Ce n’est pourtant pas faute d’avoir vu l’eau dangereusement approcher du bord du bras de sécurité qui passe devant la maison, d’avoir rappliqué en urgence, patron et collègues d’Antoine en tête au volant d’un camion chargé de palettes. « Ils ont monté quelques meubles, surélevé les appareils sur huit palettes, soit un mètre de hauteur », raconte la jeune femme alors en début de sa deuxième grossesse. Elle, était « à la maison, avec la petite, en train de déballer les affaires » et se retrouve chez ses beaux-parents, à Helfaut à quelques kilomètres de là, à se relayer avec son fiancé pour aller voir la maison, toutes les heures. « Les pompiers nous avaient demandé d’ouvrir le portail car les deux rivières (l’Aa et le bras de sécurité) allaient se rencontrer chez nous. »

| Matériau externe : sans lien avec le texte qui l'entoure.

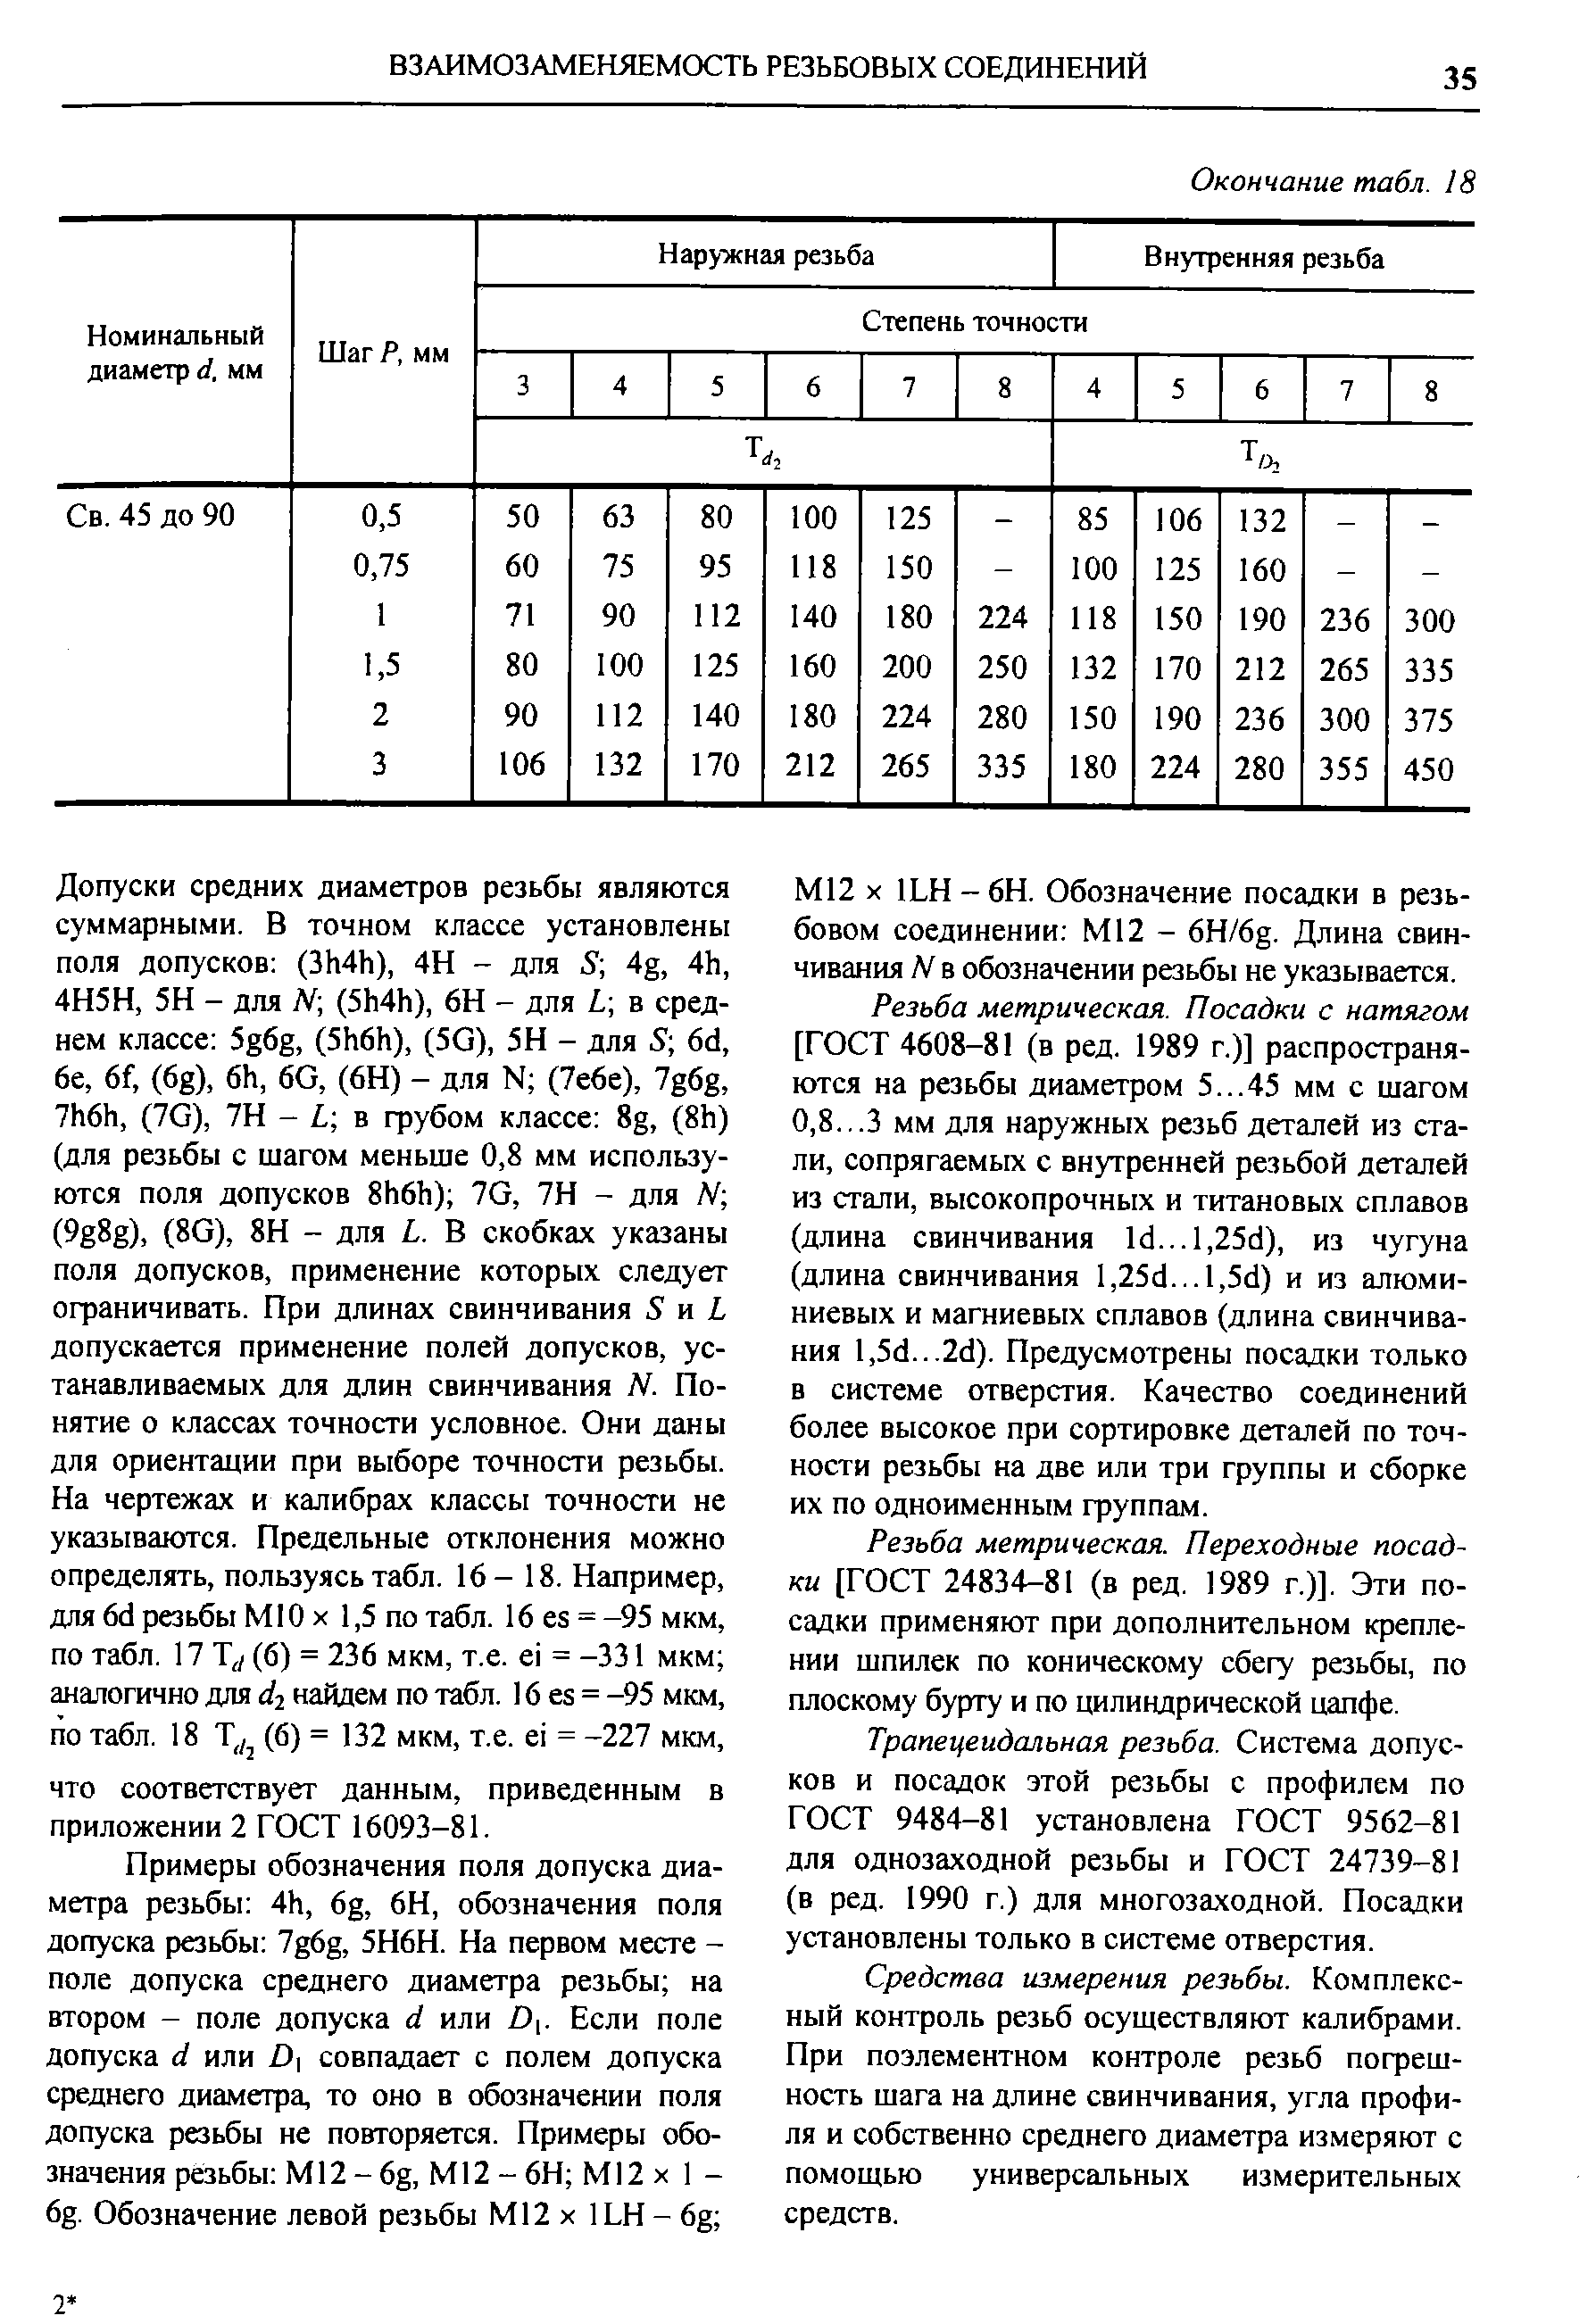 М12 X 1LH - 6Н. Обозначение посадки в резьбовом соединении М12 - 6H/6g. Длина свинчивания N в обозначении резьбы не указывается.

Quand ils peuvent enfin aller jauger les dégâts après 48 heures, le doute n’est pas permis longtemps : la baie vitrée est grand ouverte, le système de fermeture a été arraché par la force de l’eau montée jusqu’aux châssis des fenêtres. « Et d’une telle puissance que les tours de palettes ont été renversées : tout est à l’eau. Il y avait plein de boue. Et cette odeur ! »
Coralie Marquis se dit « inconsolable » depuis ce deuxième épisode. Elle raconte comment sa fille, âgée de 18 mois, « ne fait plus ses nuits depuis », comment la petite « facile à vivre » est devenue « grincheuse ». En souffrance, pense celle qui se sent incomprise par les « vous êtes vivants », « ce n’est que du matériel » qu’on oppose à sa détresse.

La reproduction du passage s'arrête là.